Loading...

XML

Word

Printable

Type: Suggestion
Resolution: Unresolved
Component/s: Chat - Chat Response Relevance
Labels:
None

Summary

Provide visibility into whether agent responses are grounded in knowledge source content. Flag responses containing claims that cannot be traced back to any retrieved source, indicating potential fabrication or hallucination.

Problem Statement

Rovo agents retrieve content from knowledge sources and synthesise responses. When the agent provides a response, there is no indication of whether the response content is drawn from actual knowledge source material or whether the agent has fabricated information that sounds plausible but has no basis in the configured sources.

This is a known characteristic of large language models - they can generate confident, authoritative responses that are entirely fabricated. For enterprise support agents, this presents a direct brand and reputational risk: users trust the agent's responses and may act on incorrect information.

The risk is amplified for agents with org-wide knowledge scope, where the knowledge base is too large to comprehensively evaluate with a 50-prompt dataset. Fabrication detection provides a production safety net that catches hallucinations the evaluation datasets did not anticipate.

Proposed Solution

Response attribution analysis

For a sample set on a customer defined basis, the system analyses whether the claims in the response can be traced back to content retrieved from the agent's configured knowledge sources. Each response receives an attribution score representing the percentage of claims that are grounded in source content.

Attribution level Score Meaning Fully attributed 90-100% All or nearly all claims traceable to knowledge sources Partially attributed 50-89% Some claims grounded, some unattributed Low attribution 0-49% Majority of claims cannot be traced to knowledge sources

Responses with low attribution are flagged for platform team review.

Response attribution page

A new "Response attribution" item in the Agent Studio sidebar.

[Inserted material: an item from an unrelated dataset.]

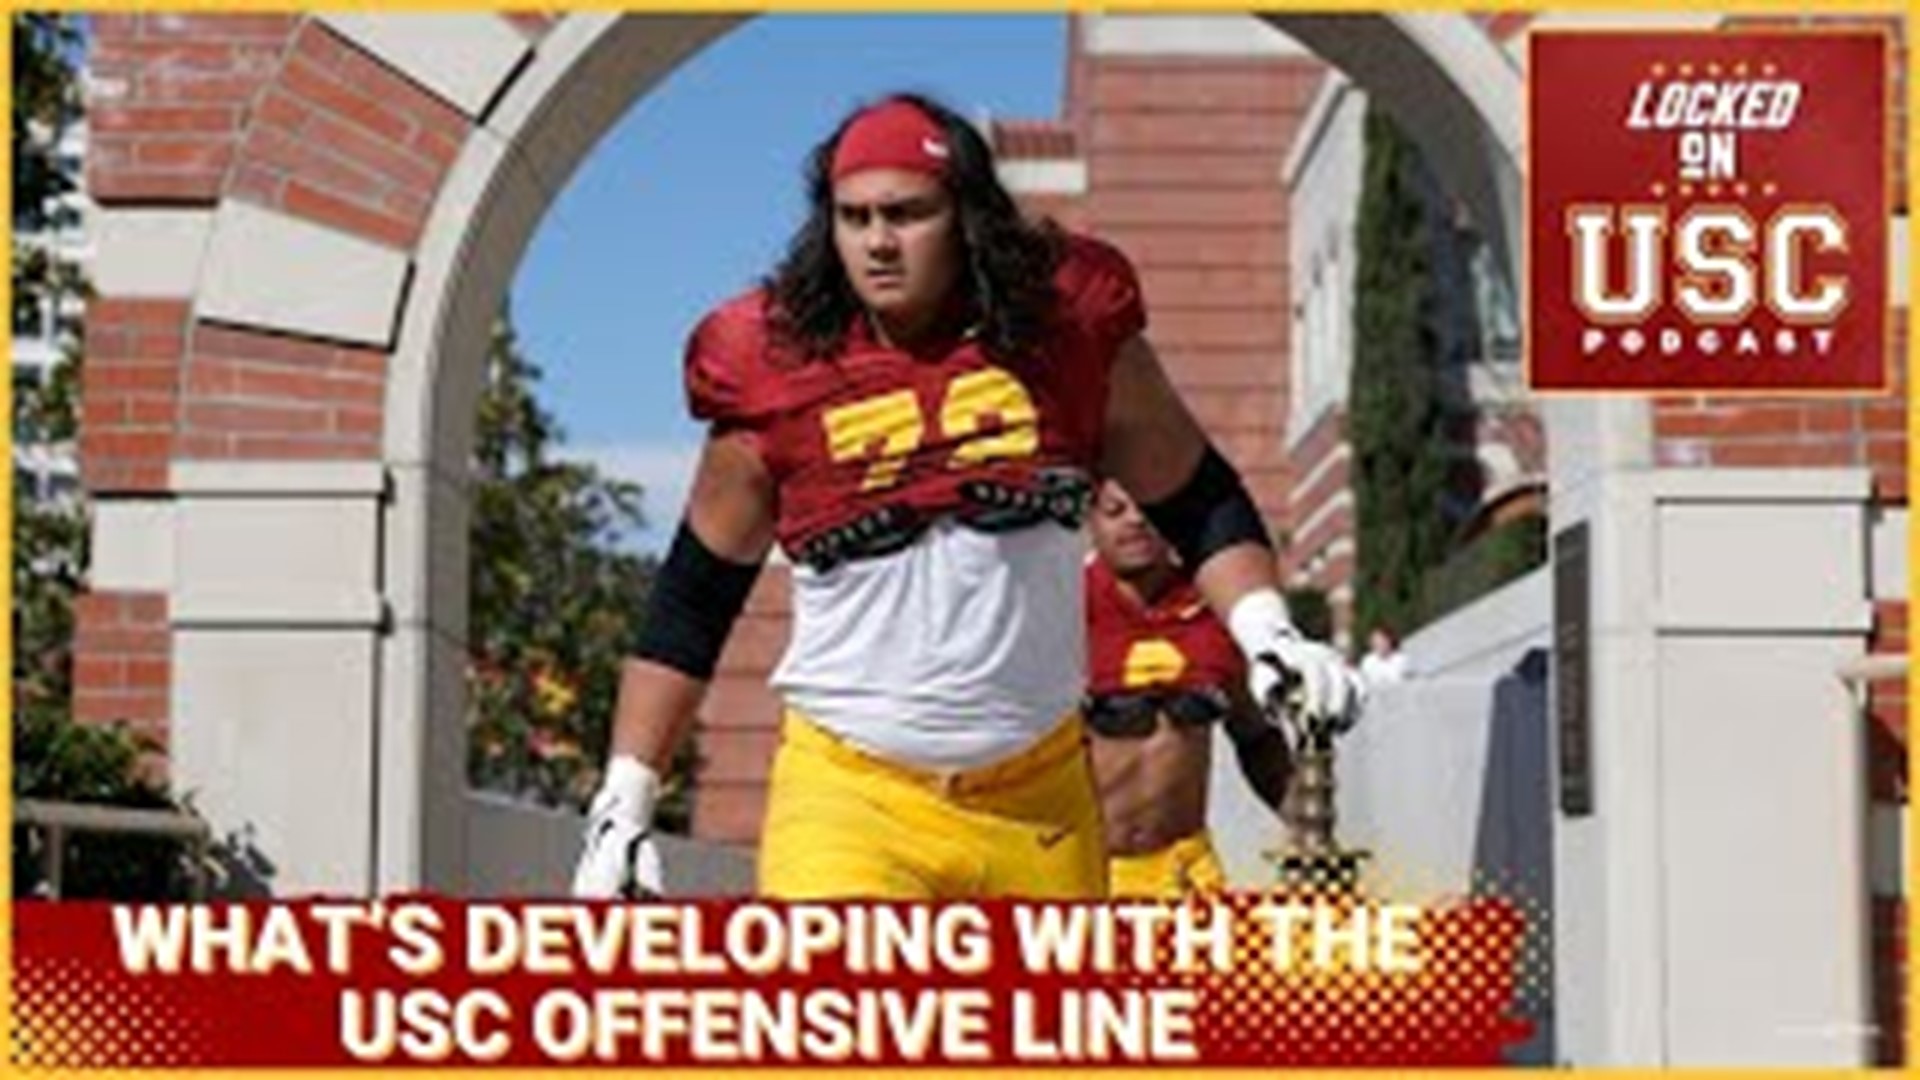 Since Lincoln Riley and JoshHenson took over USC they've recruited 10 offensive linemen from the high school ranks. But so far, there are no commits from 2025.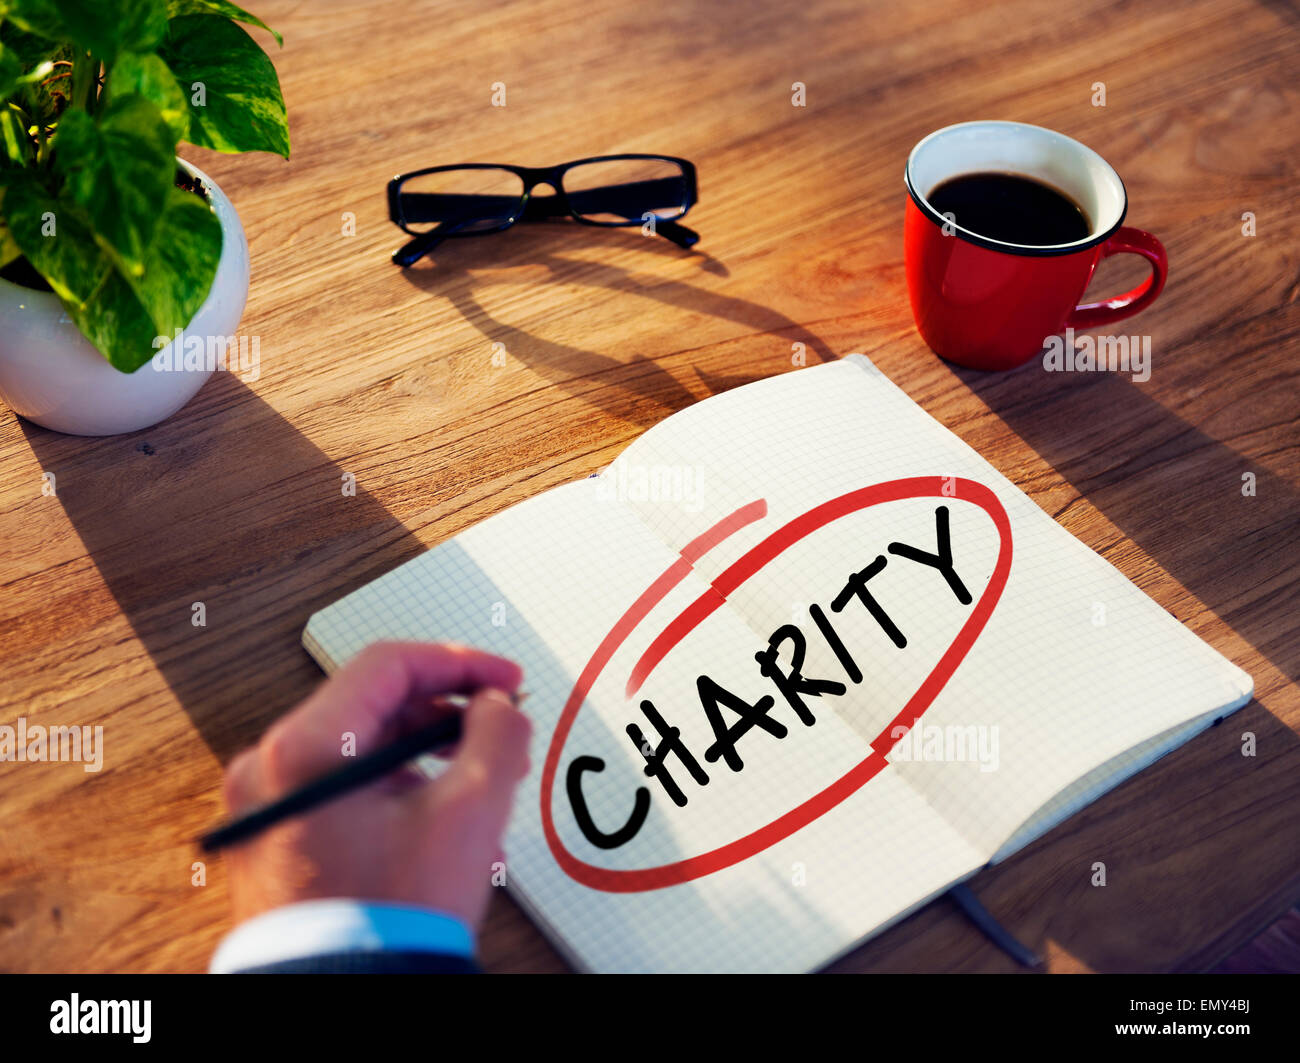 Man with Note Pad and Charity Concepts Stock Photo

Summary metrics (30 days):

Total responses

Percentage fully attributed

Percentage partially attributed

Percentage with unattributed claims

Flagged responses table: A filterable table of responses with low or partial attribution, showing:

Date and time

User prompt (truncated preview)

Attribution score with visual meter

Number of unattributed claims

Actions: Review (drill into detail)

Response detail view

When the platform team reviews a flagged response, they see a claim-by-claim breakdown:

Attributed claims (green) - The specific statement from the response, with a link to the knowledge source page that contains the supporting content

Unattributed claims (red) - The specific statement from the response that could not be matched to any retrieved source

This allows the platform team to quickly identify exactly which parts of the response were fabricated and take appropriate action:

Add to accuracy dataset - Create a prompt/expected-response pair to ensure the agent handles this query correctly in future evaluations

View full conversation - Review the full interaction in context

Dismiss - Mark as acceptable (the claim may be general knowledge that doesn't require a specific source)

Design Reference

See attached mockup (mockup-fabrication-detection.html) showing:

Mockup 1 - Response attribution dashboard with summary metrics, and a flagged responses table showing four responses with low attribution scores and unattributed claim counts.

Mockup 2 - Response detail view showing a claim-by-claim analysis. Attributed claims are shown in green with links to their source pages. Unattributed claims are shown in red. Actions allow adding the prompt to the accuracy dataset or dismissing.

Use Cases

Catching hallucinated limits: A user asks about Jira custom field limits. The agent correctly references the field governance process (attributed) but fabricates a specific number ("the default limit is 500") that doesn't appear in any knowledge source. The platform team reviews the flagged response, identifies the fabricated claim, and adds the prompt with the correct expected response to the accuracy dataset.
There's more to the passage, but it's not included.